AS long as the People are taught the true Nature of the Christian Ministry, to be, as really it is, a true and proper Priesthood, and that their Ministers are true, and proper Priests ordained by God to stand before him as Advocates for them, and before them for him as his Oracles to bless them in his Name, so long they will honour, and reverence them, as Priests; but when they are pleased to strip themselves of that part of their Character, and Relation to God, to which those Powers belong, and which above any other makes their Ministry, and them, as Church Ministers, venerable, and holy, then they’ll soon find the Veneration of the People begin to decay, and by degrees wear off into utter Contempt, when they have once laid aside the Notion of their being Orators, and Advocates ordained by God to intercede with him for them; which, Sir, their Flocks can no longer retain, than they believe them to be proper Priests. [...]

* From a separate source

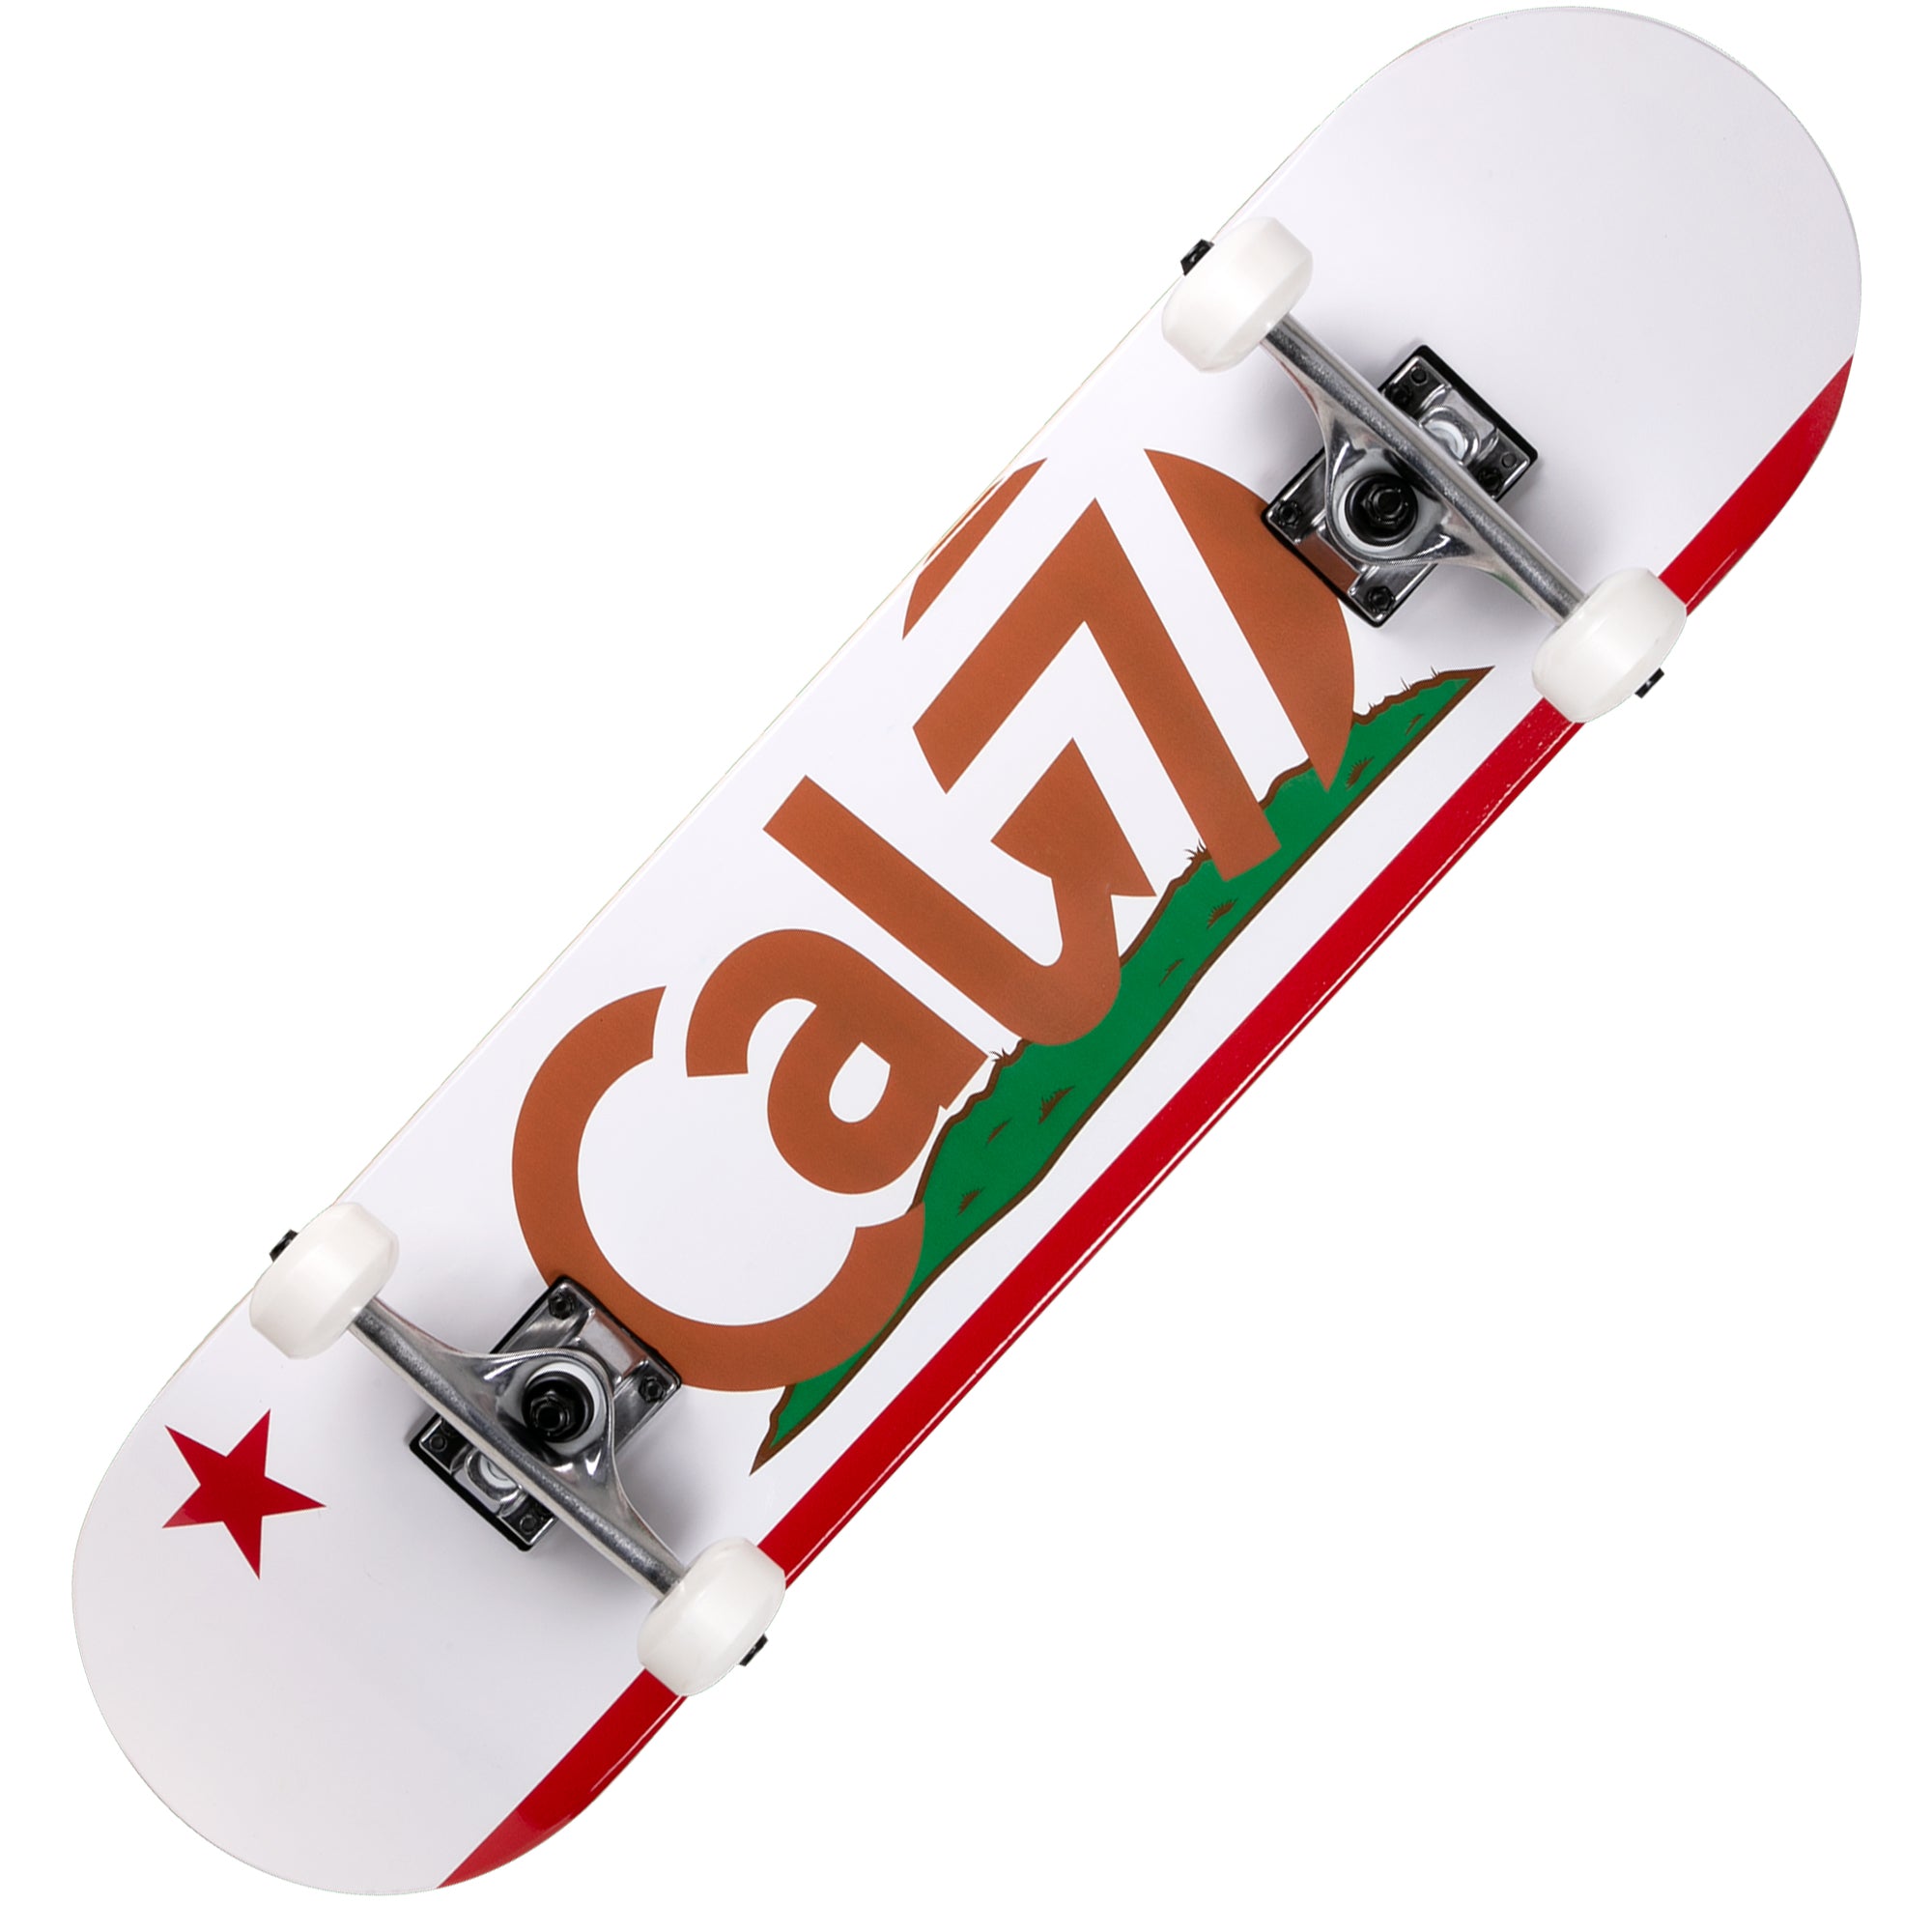 CALIFORNIA STREET スケートボード 8インチ - その他スポーツ

BUT neither are these, Sir, all the ill Consequences of this Doctrine, which must also tempt Clergymen themselves, who believe it, to have a lower, and meaner Idea of their Ministry, and not to think their Order to be of that Dignity, and Holiness; and so separate from the World, as it is, and the ancient Christians believed it to be.

They cannot have that Honour, and Reverence for it, as they themselves ought to have, if they do not believe it to be a true Priesthood, nor will they distinguish themselves so carefully, as it becomes Ministers of Christ, from other Men by the singular Piety of their Lives, and the Gravity of their Garb, and Behaviour, if they do not believe themselves to be Priests; I doubt nor, Sir, but that their Latitude of Opinion in this point is one of the Reasons, why so many Ministers of late are more than ever secularised in their Conversation, and without Reverence to them selves, conform themselves, and Families, to the sinful Fashions, and Vanities of the World, against which they ought to preach with one Mouth, and with the Zeal of a Cyprian, a Basil, a Gregory, an Ambrose, or Chrysostom, lift up their Voices, like Trumpets, and not spare the greatest of Men.

Christian Priesthood Asserted. Chapter III.